= Spider-Man in television =

Marvel Comics character Spider-Man in television

The Marvel superhero character of Spider-Man has appeared in multiple forms of media besides the comics, including on television numerous times, in both live action and animated television programs.

==Live-action==
===Spidey Super Stories (1974–1977)===

The character was first portrayed in live-action by Danny Seagren in Spidey Super Stories, an Electric Company segment which ran from 1974 to 1977, with tie-in media seeing Hattie Winston's Valerie the Librarian become Spider-Woman.
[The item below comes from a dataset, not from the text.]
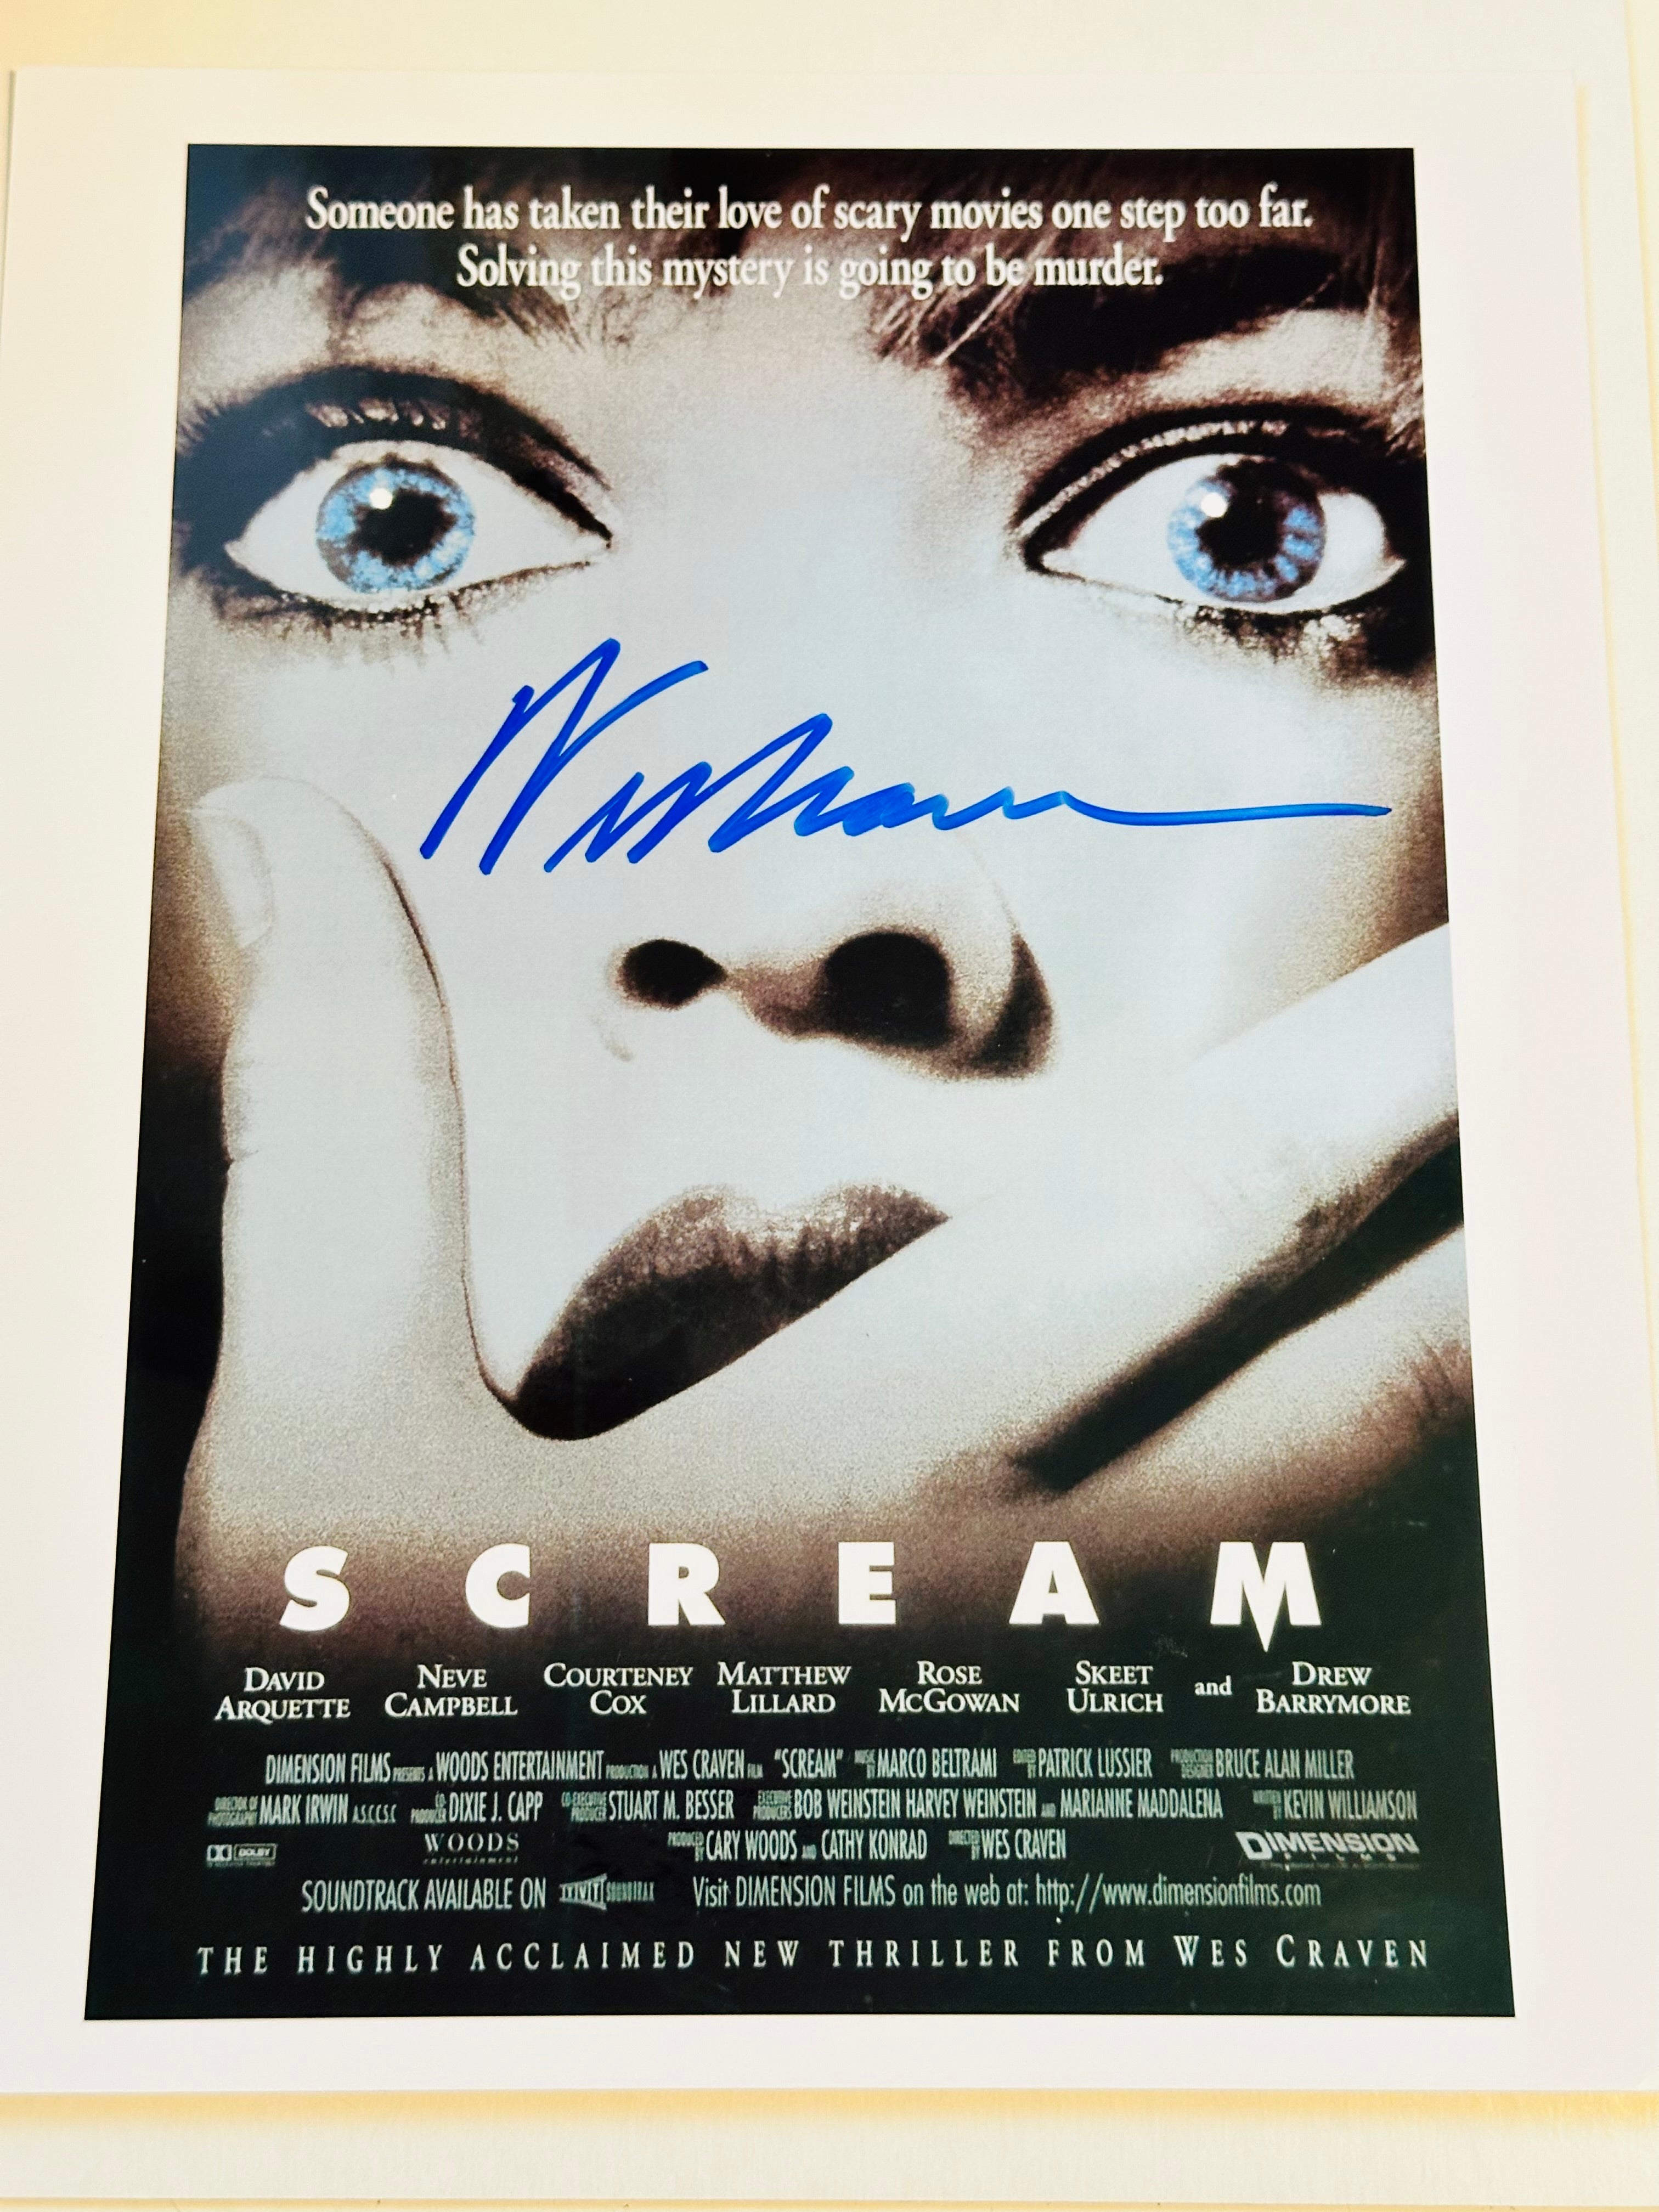 Scream Movie rare Wes Craven signed glossy 8x10 photo certified by Fanexpo with COA and hologram
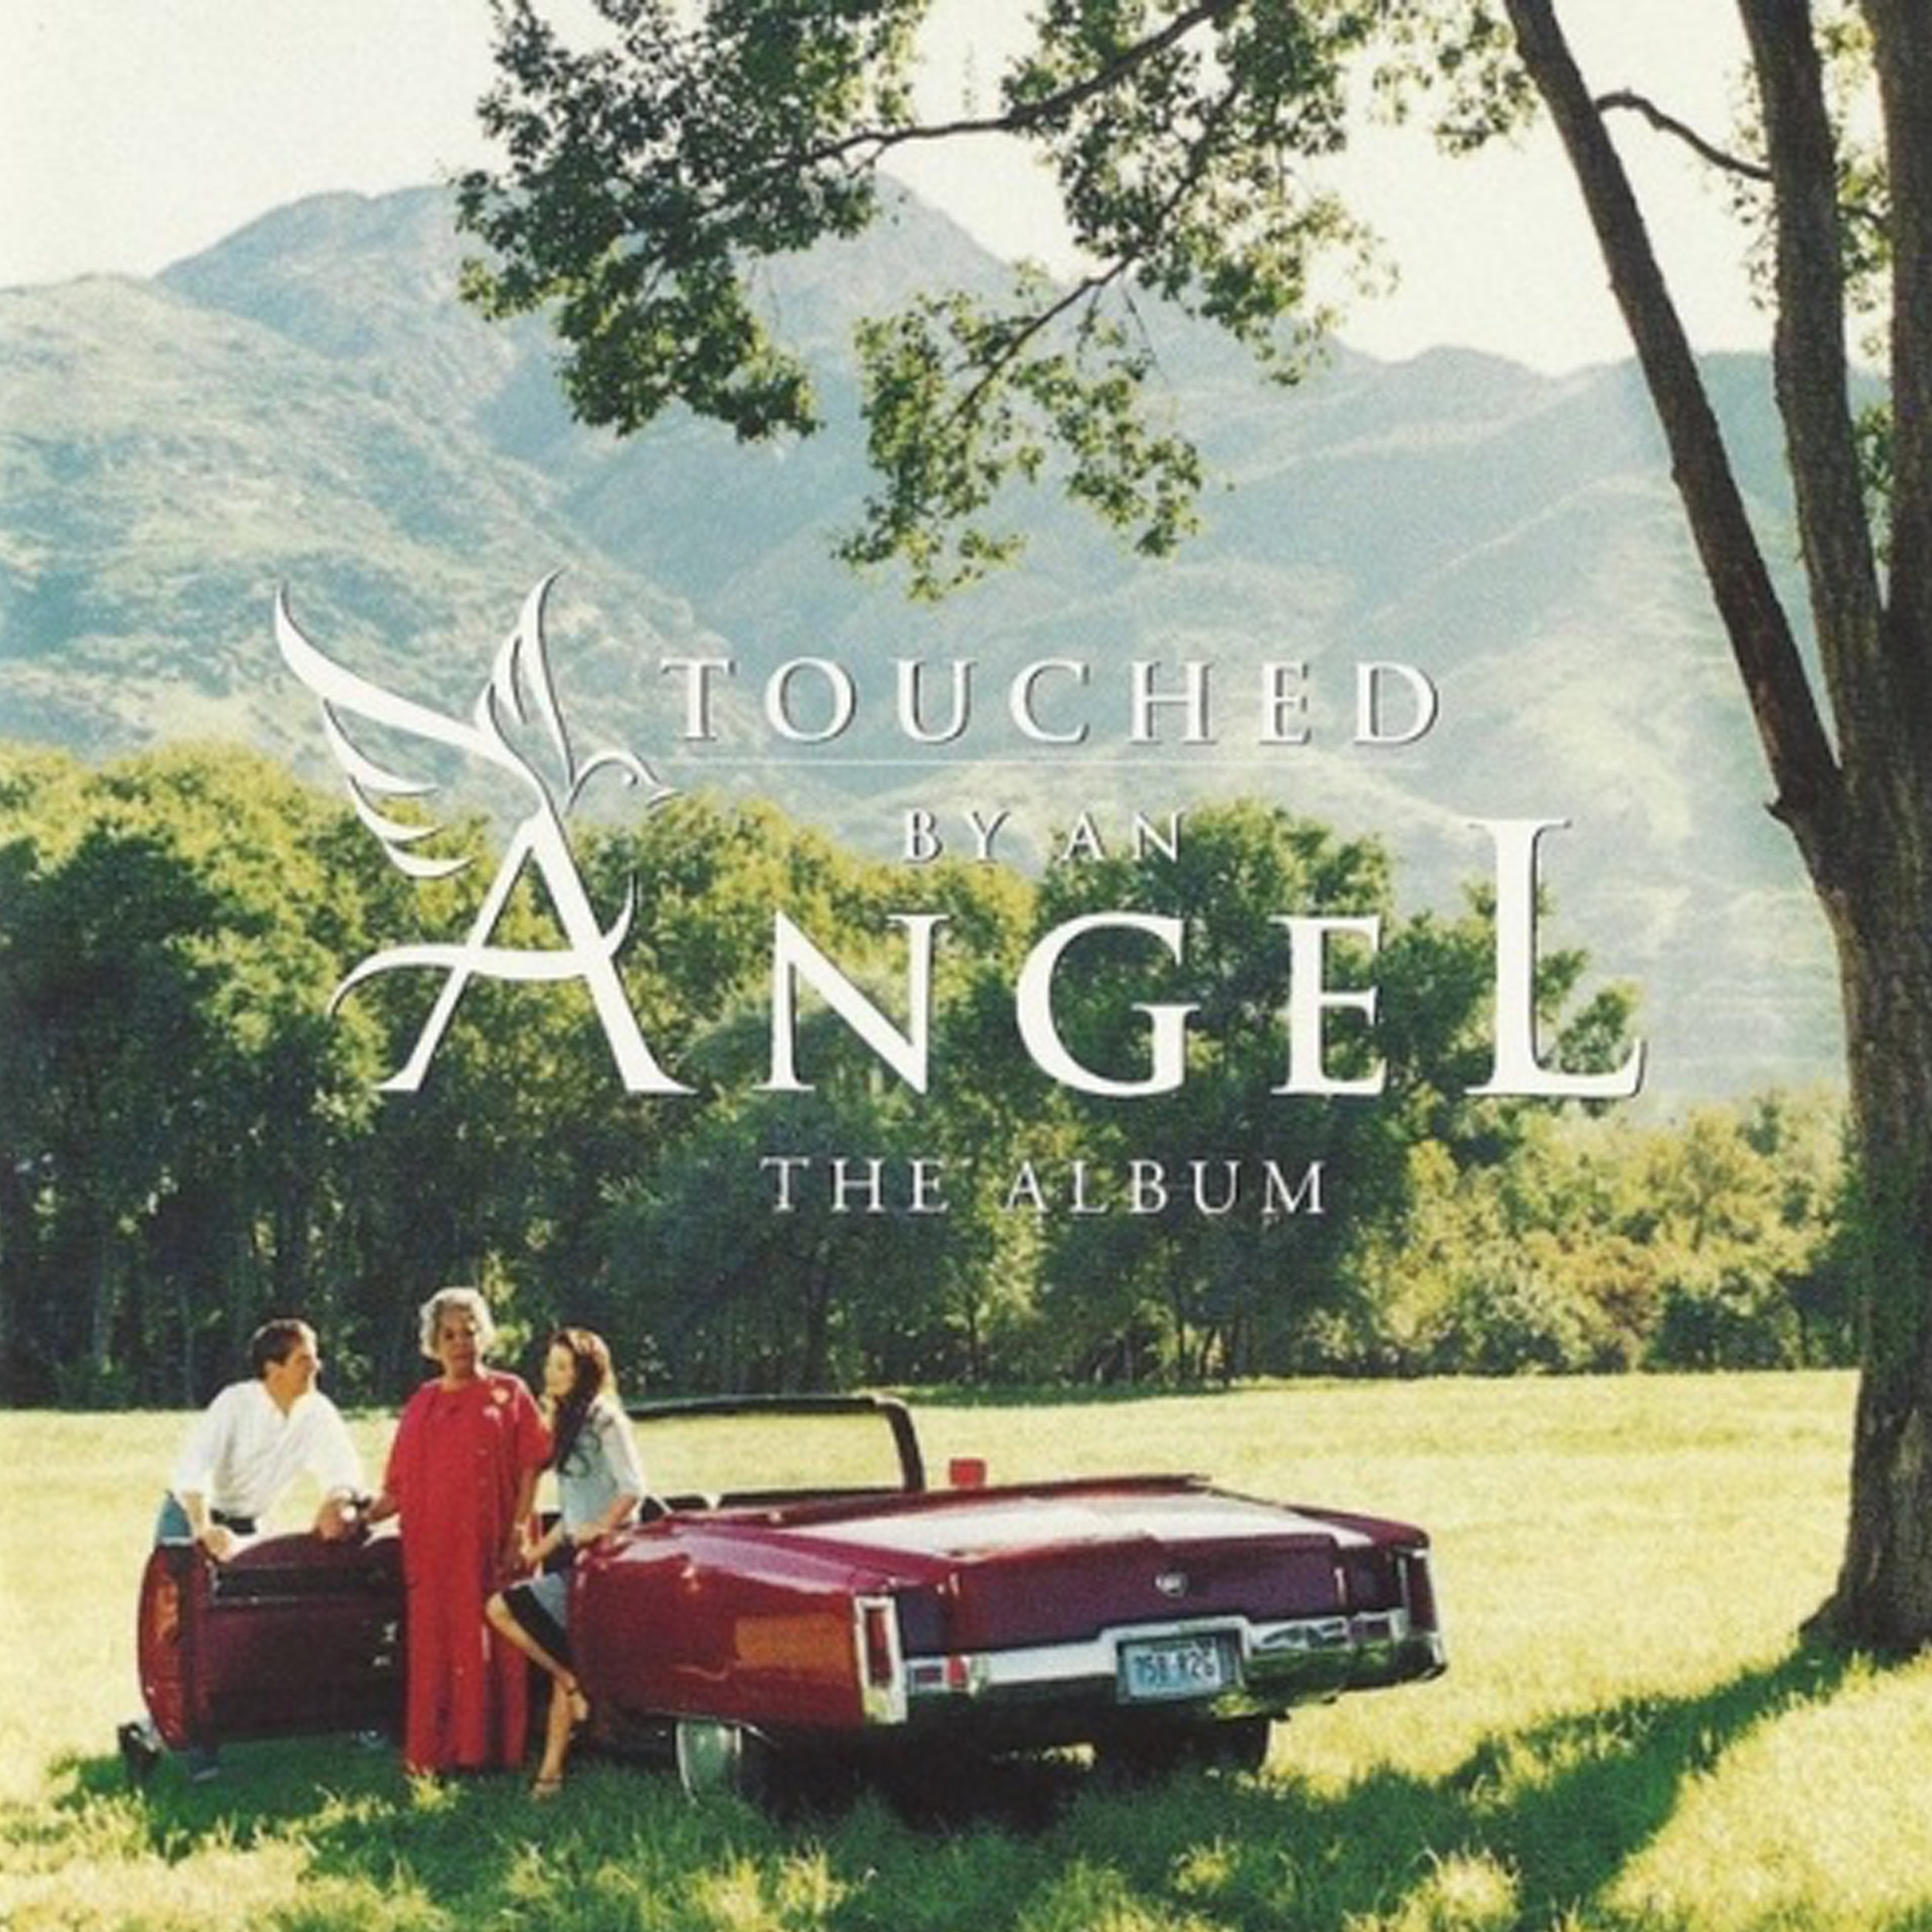 Touched by an angel.jpg

===The Amazing Spider-Man (1977–1979)===

In 1977, a short-lived live action television series was produced called The Amazing Spider-Man, starring Nicholas Hammond, one of the actors from The Sound of Music, in the title role. Although the series earned good ratings, the CBS Television Network canceled it after just two seasons, along with Wonder Woman, to avoid being labeled as "the superhero network." The series was broadcast only sporadically during the second season. Several episodes from this series were turned into full-length motion pictures outside the U.S. Three films were released overseas: Spider-Man in 1977, Spider-Man Strikes Back in 1978, and Spider-Man: The Dragon's Challenge in 1981, all compiling television film edits of multi-part episodes.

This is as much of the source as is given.